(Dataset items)

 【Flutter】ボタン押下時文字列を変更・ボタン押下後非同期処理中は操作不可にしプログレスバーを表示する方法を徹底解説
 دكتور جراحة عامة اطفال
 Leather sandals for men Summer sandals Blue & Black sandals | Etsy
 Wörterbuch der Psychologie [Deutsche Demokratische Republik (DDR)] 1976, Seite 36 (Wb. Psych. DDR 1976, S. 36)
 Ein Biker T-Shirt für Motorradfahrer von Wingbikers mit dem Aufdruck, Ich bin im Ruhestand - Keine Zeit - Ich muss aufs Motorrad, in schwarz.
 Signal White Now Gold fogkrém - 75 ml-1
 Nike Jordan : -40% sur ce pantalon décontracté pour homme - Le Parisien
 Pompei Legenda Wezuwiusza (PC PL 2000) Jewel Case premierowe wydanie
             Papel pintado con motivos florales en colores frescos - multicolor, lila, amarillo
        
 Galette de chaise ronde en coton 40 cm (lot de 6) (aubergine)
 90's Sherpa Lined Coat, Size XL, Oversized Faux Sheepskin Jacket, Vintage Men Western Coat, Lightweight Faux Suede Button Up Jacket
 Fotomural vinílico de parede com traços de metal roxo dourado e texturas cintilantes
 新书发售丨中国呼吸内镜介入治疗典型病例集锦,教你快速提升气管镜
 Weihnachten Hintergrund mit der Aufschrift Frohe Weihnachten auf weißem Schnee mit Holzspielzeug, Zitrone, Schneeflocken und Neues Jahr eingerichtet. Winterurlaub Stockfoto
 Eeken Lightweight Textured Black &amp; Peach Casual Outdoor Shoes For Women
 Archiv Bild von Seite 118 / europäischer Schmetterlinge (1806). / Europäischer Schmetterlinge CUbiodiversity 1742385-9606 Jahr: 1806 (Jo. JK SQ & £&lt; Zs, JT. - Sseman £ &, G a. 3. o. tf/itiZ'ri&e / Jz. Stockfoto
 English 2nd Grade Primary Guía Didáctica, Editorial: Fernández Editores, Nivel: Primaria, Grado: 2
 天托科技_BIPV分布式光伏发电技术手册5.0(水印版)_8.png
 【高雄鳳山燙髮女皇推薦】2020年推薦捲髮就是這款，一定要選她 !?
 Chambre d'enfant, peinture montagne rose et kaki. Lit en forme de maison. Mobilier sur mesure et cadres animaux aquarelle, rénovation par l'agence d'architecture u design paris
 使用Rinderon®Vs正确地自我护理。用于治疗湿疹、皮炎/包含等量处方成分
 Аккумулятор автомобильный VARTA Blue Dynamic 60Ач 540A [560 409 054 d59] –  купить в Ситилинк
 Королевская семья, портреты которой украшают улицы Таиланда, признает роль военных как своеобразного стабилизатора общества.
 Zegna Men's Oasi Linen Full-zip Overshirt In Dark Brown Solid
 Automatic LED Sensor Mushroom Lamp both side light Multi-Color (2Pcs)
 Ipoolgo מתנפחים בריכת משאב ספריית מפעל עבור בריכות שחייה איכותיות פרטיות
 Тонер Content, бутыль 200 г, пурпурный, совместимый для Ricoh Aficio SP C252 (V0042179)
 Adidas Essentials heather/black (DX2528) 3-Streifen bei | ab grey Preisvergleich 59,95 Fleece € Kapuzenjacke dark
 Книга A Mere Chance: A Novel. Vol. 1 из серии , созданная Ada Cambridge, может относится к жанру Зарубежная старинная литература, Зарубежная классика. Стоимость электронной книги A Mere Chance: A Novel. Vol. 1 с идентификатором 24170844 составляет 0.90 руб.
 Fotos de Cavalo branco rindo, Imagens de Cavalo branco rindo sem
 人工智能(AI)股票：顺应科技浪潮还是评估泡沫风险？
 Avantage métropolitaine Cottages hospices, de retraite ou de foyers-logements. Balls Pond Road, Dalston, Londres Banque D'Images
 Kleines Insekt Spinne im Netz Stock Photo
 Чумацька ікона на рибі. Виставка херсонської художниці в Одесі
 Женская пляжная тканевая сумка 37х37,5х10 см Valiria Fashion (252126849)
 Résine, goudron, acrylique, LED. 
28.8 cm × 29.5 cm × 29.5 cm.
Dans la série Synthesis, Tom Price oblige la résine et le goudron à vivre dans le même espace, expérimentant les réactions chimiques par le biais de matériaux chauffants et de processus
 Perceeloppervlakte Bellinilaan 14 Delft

WHAT IS NEEDED. Return, unchanged, the run of lines above that opens with the line containing "天托科技_BIPV分布式光伏发电技术手册5.0(水印版)_8.png" and closes with the line containing "Adidas Essentials heather/black". Include both.

SOLVED PROBLEM.
 天托科技_BIPV分布式光伏发电技术手册5.0(水印版)_8.png
 【高雄鳳山燙髮女皇推薦】2020年推薦捲髮就是這款，一定要選她 !?
 Chambre d'enfant, peinture montagne rose et kaki. Lit en forme de maison. Mobilier sur mesure et cadres animaux aquarelle, rénovation par l'agence d'architecture u design paris
 使用Rinderon®Vs正确地自我护理。用于治疗湿疹、皮炎/包含等量处方成分
 Аккумулятор автомобильный VARTA Blue Dynamic 60Ач 540A [560 409 054 d59] –  купить в Ситилинк
 Королевская семья, портреты которой украшают улицы Таиланда, признает роль военных как своеобразного стабилизатора общества.
 Zegna Men's Oasi Linen Full-zip Overshirt In Dark Brown Solid
 Automatic LED Sensor Mushroom Lamp both side light Multi-Color (2Pcs)
 Ipoolgo מתנפחים בריכת משאב ספריית מפעל עבור בריכות שחייה איכותיות פרטיות
 Тонер Content, бутыль 200 г, пурпурный, совместимый для Ricoh Aficio SP C252 (V0042179)
 Adidas Essentials heather/black (DX2528) 3-Streifen bei | ab grey Preisvergleich 59,95 Fleece € Kapuzenjacke dark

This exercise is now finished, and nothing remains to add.